▶ _Task material_:
......

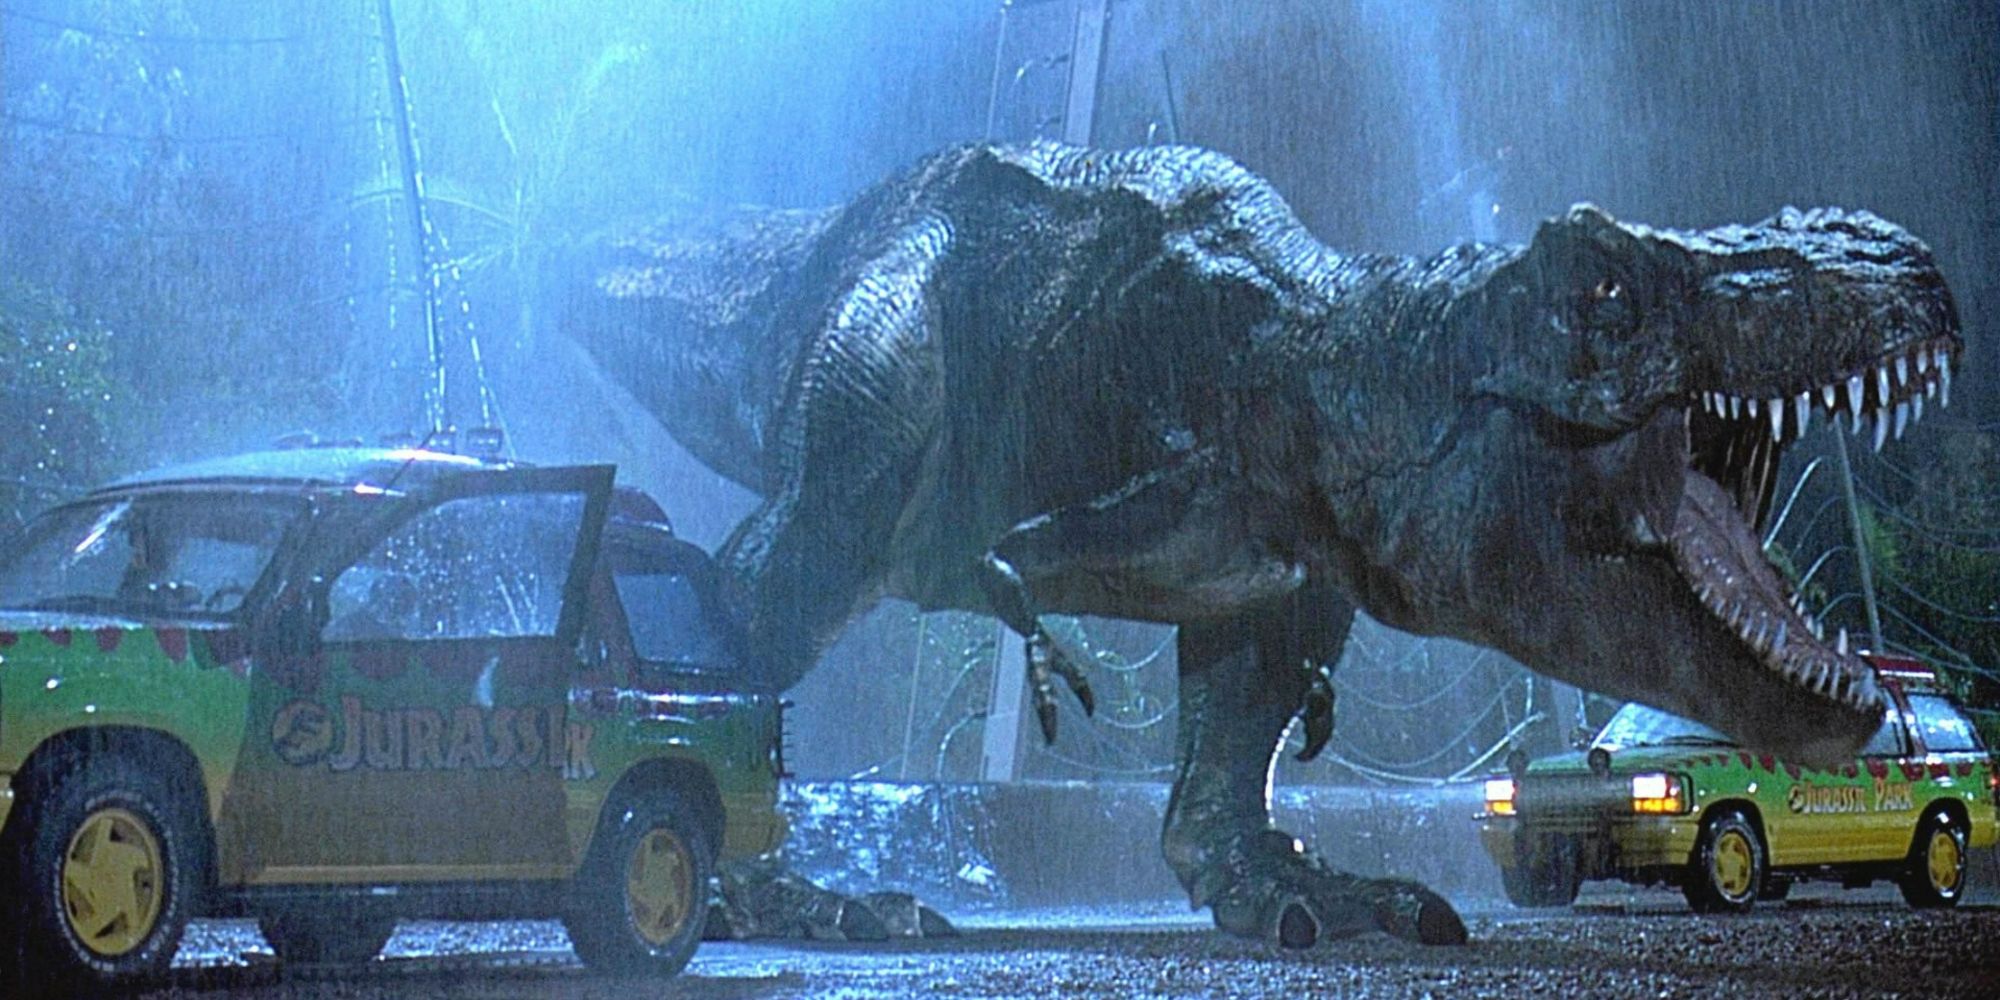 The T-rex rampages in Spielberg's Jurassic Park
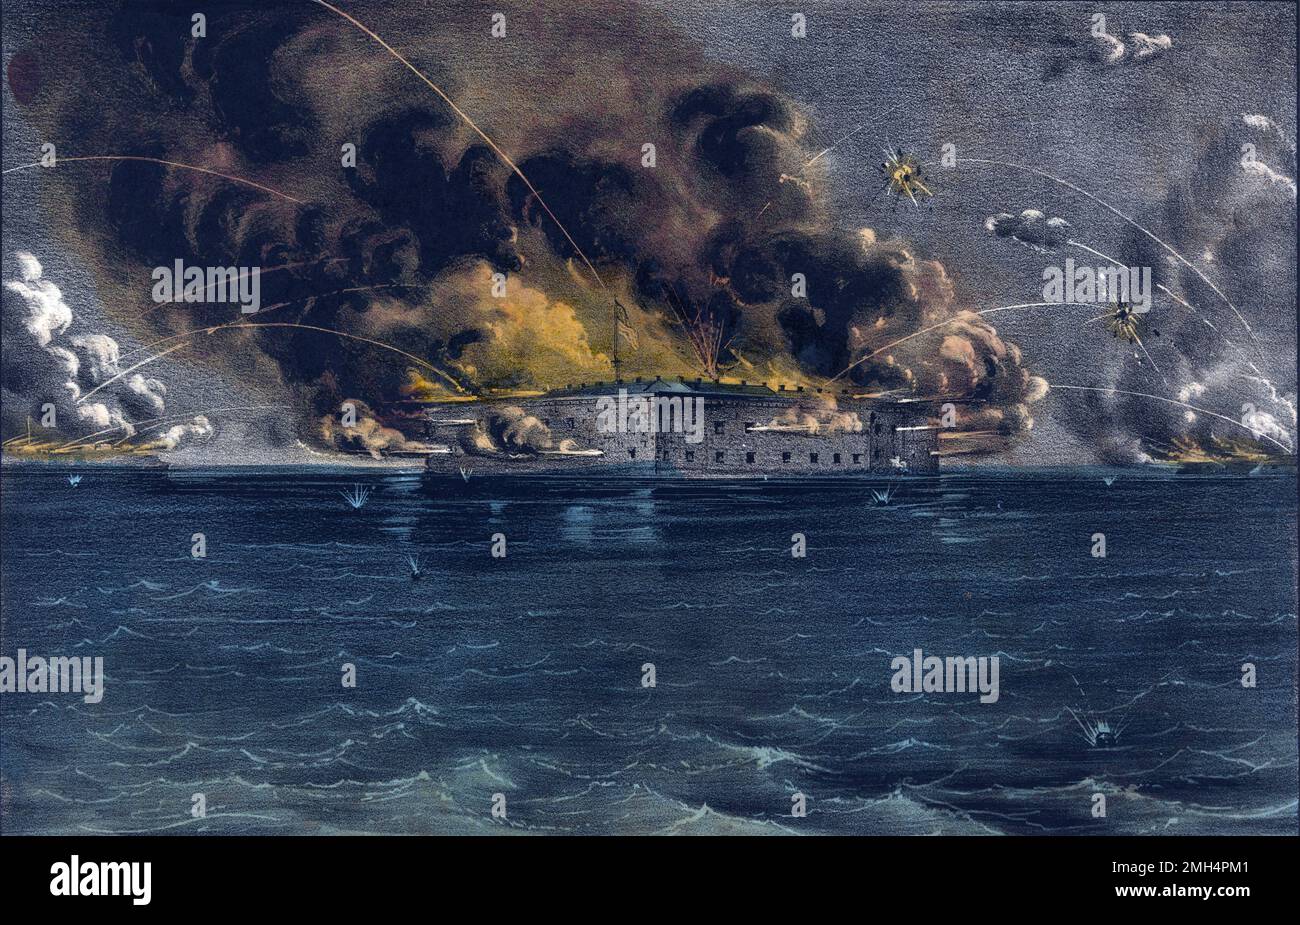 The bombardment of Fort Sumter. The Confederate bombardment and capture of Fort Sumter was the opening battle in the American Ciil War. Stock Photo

......

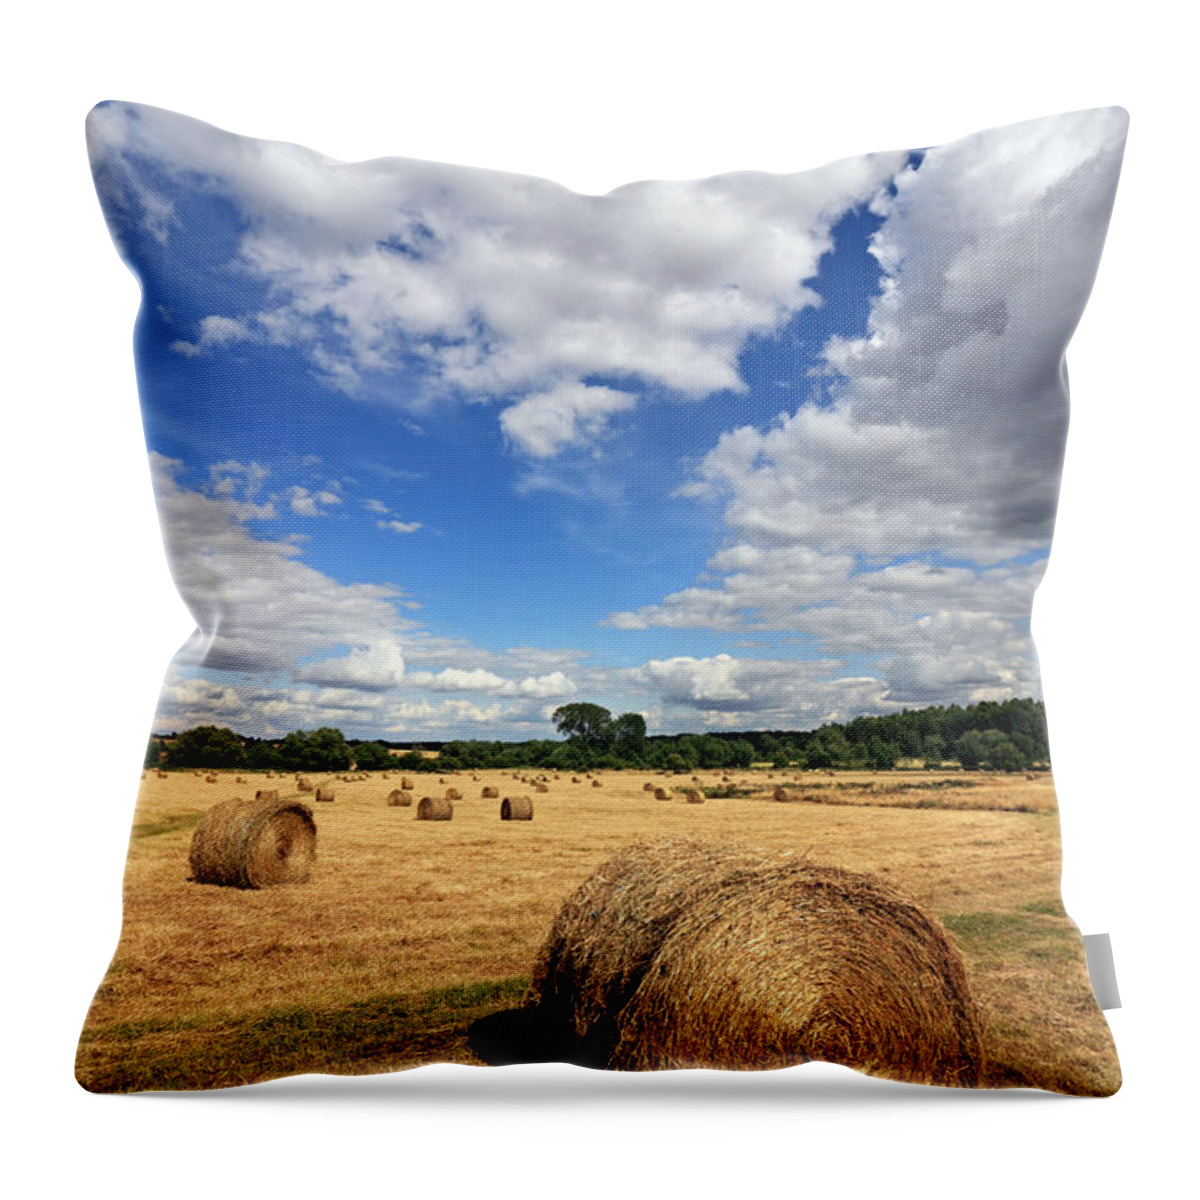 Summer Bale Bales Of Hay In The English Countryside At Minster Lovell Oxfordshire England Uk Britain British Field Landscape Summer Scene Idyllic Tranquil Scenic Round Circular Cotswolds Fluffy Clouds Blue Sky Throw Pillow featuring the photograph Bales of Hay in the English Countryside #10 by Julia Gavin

......

▶ _What this task involves_: Would you give again, exactly, the lines in the data above that run from the line containing "The T-rex rampages" to the line containing "The bombardment of"? Include both ends and no pictures.

▶ _Response area_:
 The T-rex rampages in Spielberg's Jurassic Park
 The bombardment of Fort Sumter. The Confederate bombardment and capture of Fort Sumter was the opening battle in the American Ciil War. Stock Photo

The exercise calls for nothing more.